Pourquoi c’est structurel
Le biais algorithmique en recrutement n’est pas un accident technique isolé. Le mécanisme est direct : un algorithme de tri de CV apprend à partir des recrutements passés de l’entreprise. Si ces recrutements reflétaient des déséquilibres — par exemple, une majorité d’hommes recrutés dans les postes techniques — le modèle va reproduire ce schéma.
Comme le détaille l’étude de Télécom Paris pour la Fondation Abeona, l’algorithme d’Amazon a appris à favoriser les verbes d’action comme « executed » ou « captured », plus fréquents dans les CV masculins, tout en pénalisant les marqueurs féminins.
Trois mécanismes se cumulent — et c’est ce qui rend le problème structurel, pas ponctuel.
Biais de données historiques
Les données d'entraînement reflètent les inégalités passées. Un secteur tech à 80 % masculin produit un modèle qui favorise les profils masculins.
Biais de conception
Choix de variables ou de métriques de succès biaisées. Définir la « performance » par la durée en poste désavantage les congés maternité.
Boucle de rétroaction
Les décisions biaisées alimentent les futures données d'entraînement. L'IA recommande des profils similaires aux précédents recrutés, réduisant la diversité.
Le double verrou juridique
Les entreprises françaises utilisant l’IA en recrutement sont soumises à un double régime juridique — RGPD et AI Act — et les deux s’appliquent cumulativement.
RGPD — Le verrou existant
L'article 22 pose un principe clair : toute personne a le droit de ne pas faire l'objet d'une décision fondée exclusivement sur un traitement automatisé produisant des effets juridiques.

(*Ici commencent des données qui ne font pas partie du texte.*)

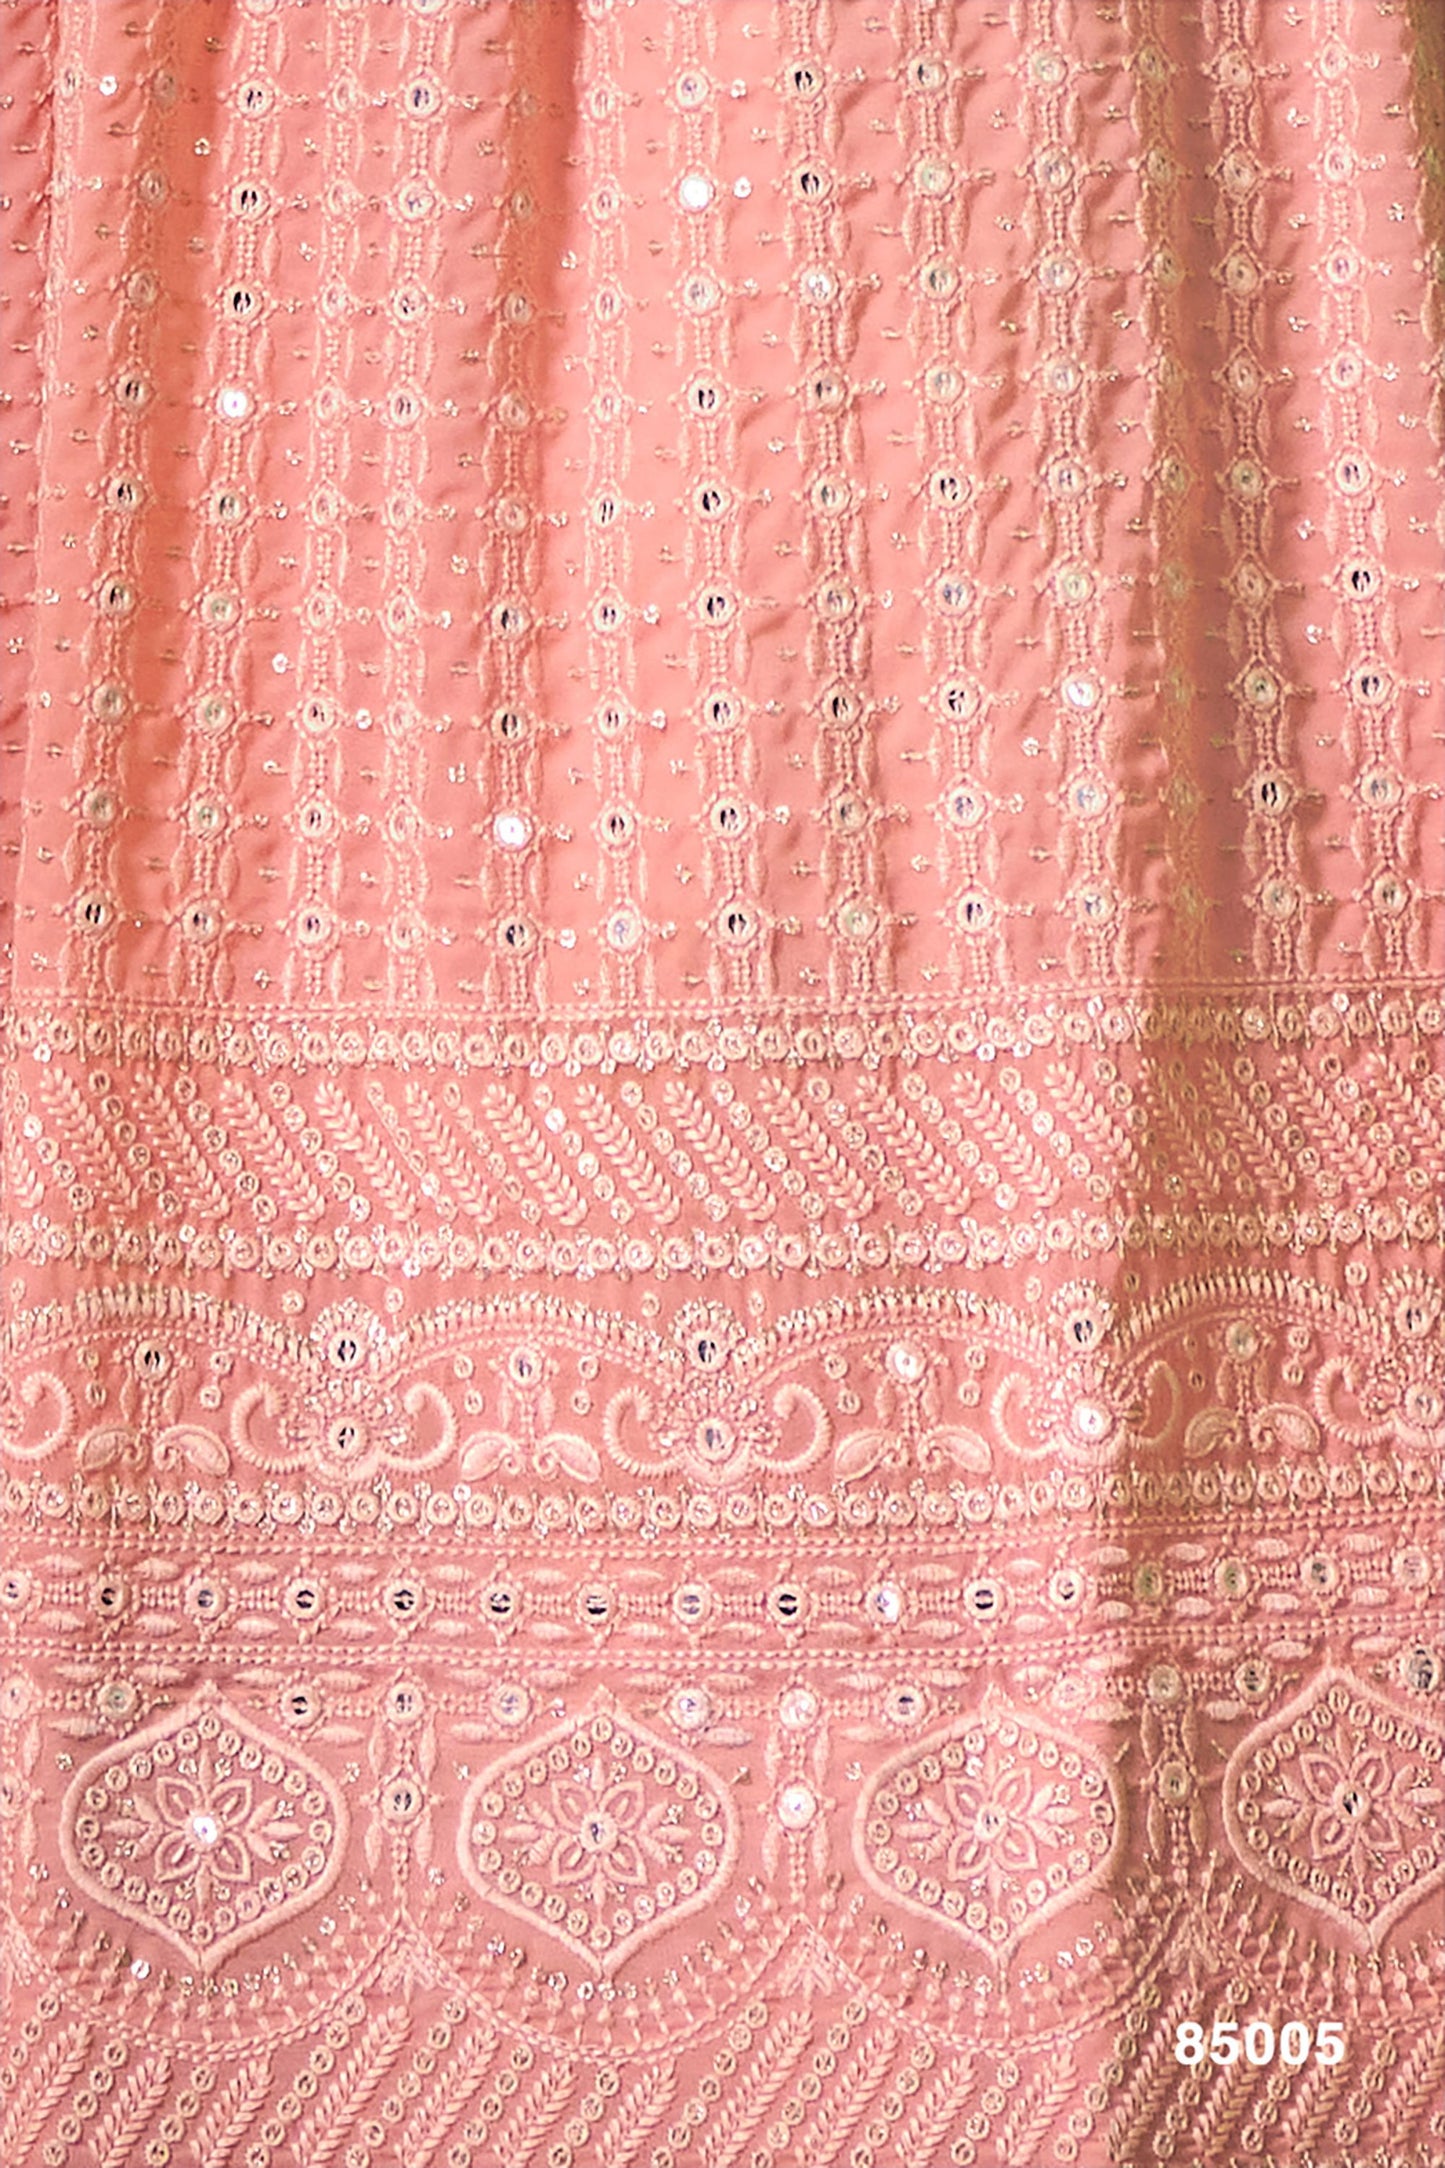 Peach Pakistani Georgette Lehenga Choli For Indian Festivals & Weddings - Sequence Embroidery Work, Thread Embroidery Work,

La CNIL a constaté lors d'un contrôle qu'un système d'évaluation automatique de CV vidéo ne savait pas gérer la diversité des accents des candidats — biais discriminatoire avéré.
AI Act — Le nouveau standard
Le règlement (UE) 2024/1689 classe explicitement les systèmes de recrutement IA dans la catégorie « haut risque » (annexe III, point 4) : tri de CV, scoring, présélection, évaluation des compétences, diffusion ciblée d'offres.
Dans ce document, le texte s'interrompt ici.